Positive Wettbewerbsargumentation funktioniert so, dass der Wettbewerber respektiert wird. Damit wird der Kunde nicht in die Verteidigungsposition gedrängt. Statt zu erläutern, was der Wettbewerber schlecht kann, ist es zielführender, darzustellen, was wir besser können. „Herr Kunde, gerade die Positioniergenauigkeit ist ein entscheidendes Kriterium für die Produktivität und die Qualität des Outputs. Unsere GT 4711 bietet Ihnen aus diesem Grund eine spezielle Funktion, die es Ihnen ermöglicht, noch genauer zu positionieren, als es mit den im Markt üblichen Verfahren möglich ist.“

  1. Positiv ist, dass der Verkäufer niemanden angreift und schlecht macht. Das zeigt Stärke. Durch die Formulierung „noch genauer“ respektiert er die Positioniergenauigkeit des Wettbewerbs und macht deutlich, dass seine Lösung darüber hinaus noch mehr kann.
  2. Positiv ist, dass die für den Kunden relevanten Stärken hervorgehoben werden, die ihm einen Nutzen bringen..

 

 

 

 

 

3 Tipps für die Wettbewerbsargumentation

  1. Nennen Sie den Wettbewerber nicht beim Namen. Besser ist: „..dieser Anbieter,business man signing a contract …das andere Angebot…., dieses Unternehmen..“. Der Kunde soll aus Ihrem Mund Ihren Firmennamen hören.
  2. Machen Sie den Wettbewerber nie schlecht. Das weckt den Beschützerinstinkt bei Ihrem Kunden. Er wird den Wettbewerber verteidigen.
  3. Konzentrieren Sie sich darauf, dem Kunden die Stärken Ihres Angebotes deutlich zu machen. Statt auf Schwächen des Wettbewerbers hinzuweisen. Respektieren Sie, die Leistung des Wettbewerbers und zeigen Sie dem Kunden, was Sie mehr zu bieten haben.

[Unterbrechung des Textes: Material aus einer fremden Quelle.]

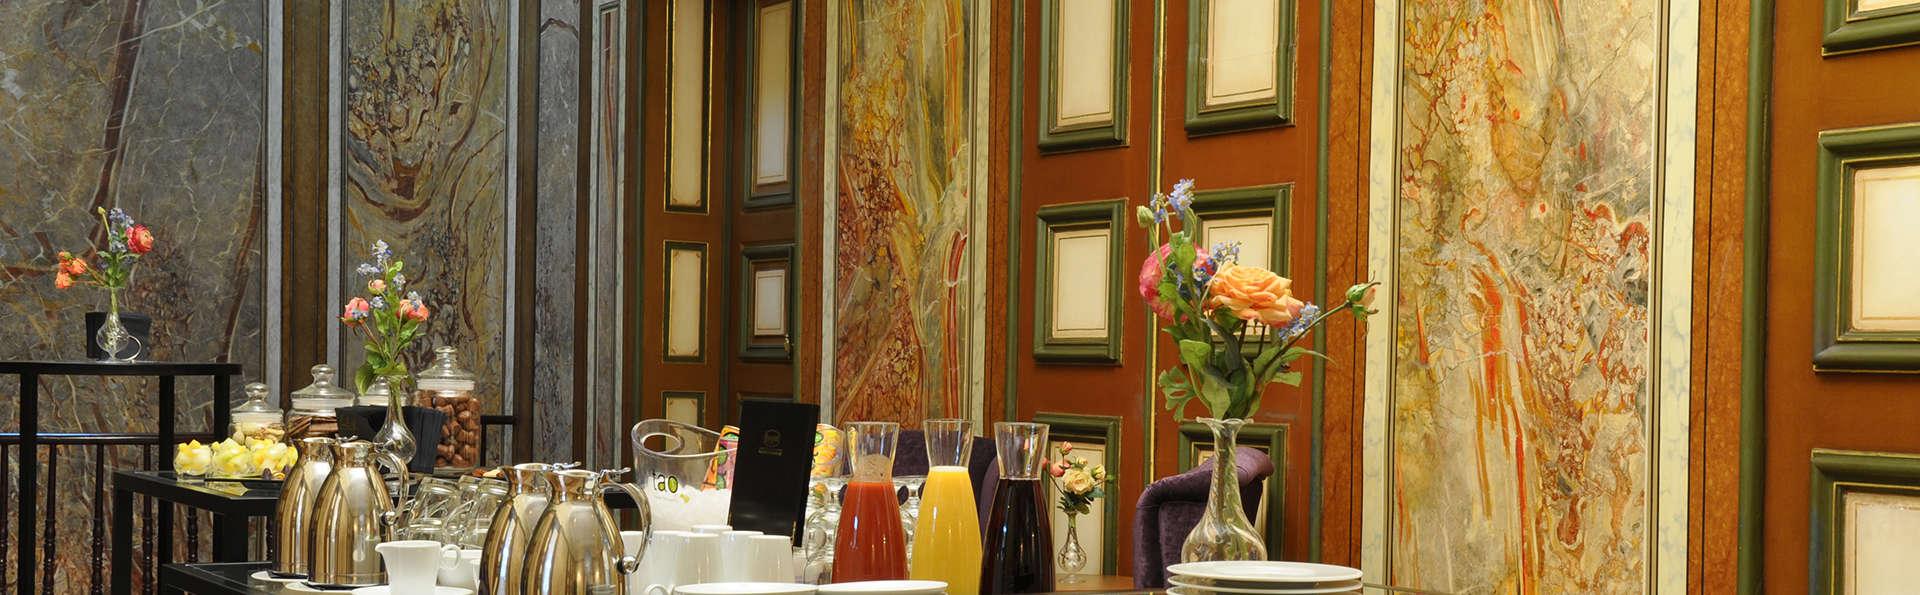 Sandton Grand Hotel Reylof Gent - EDIT_breakfast.jpg

Tipps für die Wettbewerbsargumentation

Wettbewerber realistisch einschätzen:buch3.1

  1. Die wenigsten Verkäufer haben eine realistische Vorstellung vom Wettbewerb. Die Stärken des Wettbewerbers werden zu hoch eingeschätzt. Die eigenen Schwächen auch
  2. 90 % aller Verkäufer in meinen Seminaren sagen, der Wettbewerb sei immer billiger. Das kommt daher, dass der Kunde als Grund für den verlorenen Auftrag den Preis nennt. Damit kann er seine Entscheidung gegenüber dem Verkäufer am einfachsten rechtfertigen.
  3. Das Wissen über den Wettbewerb kann sich der Verkäufer auf jeder Messe besorgen. Es gehört mit zu seinen Pflichten.
  4. Kenntnisse über den Wettbewerb gehören zum Fachwissen.
  5. Schwache Verkäufer lähmen sich, indem Sie zu sehr über die Stärken des Wettbewerbers nachdenken.
  6. Starke Verkäufer betrachten den Wettbewerb als Naturschutzgebiet. Sie nehmen dessen Stärken und Schwächen als gegeben hin und reden nicht ungefragt darüber. Statt dessen investieren ihr ganzes Hirnschmalz darauf, den Kunden von dem einzigartigen Nutzen Ihres Produktes zu überzeugen.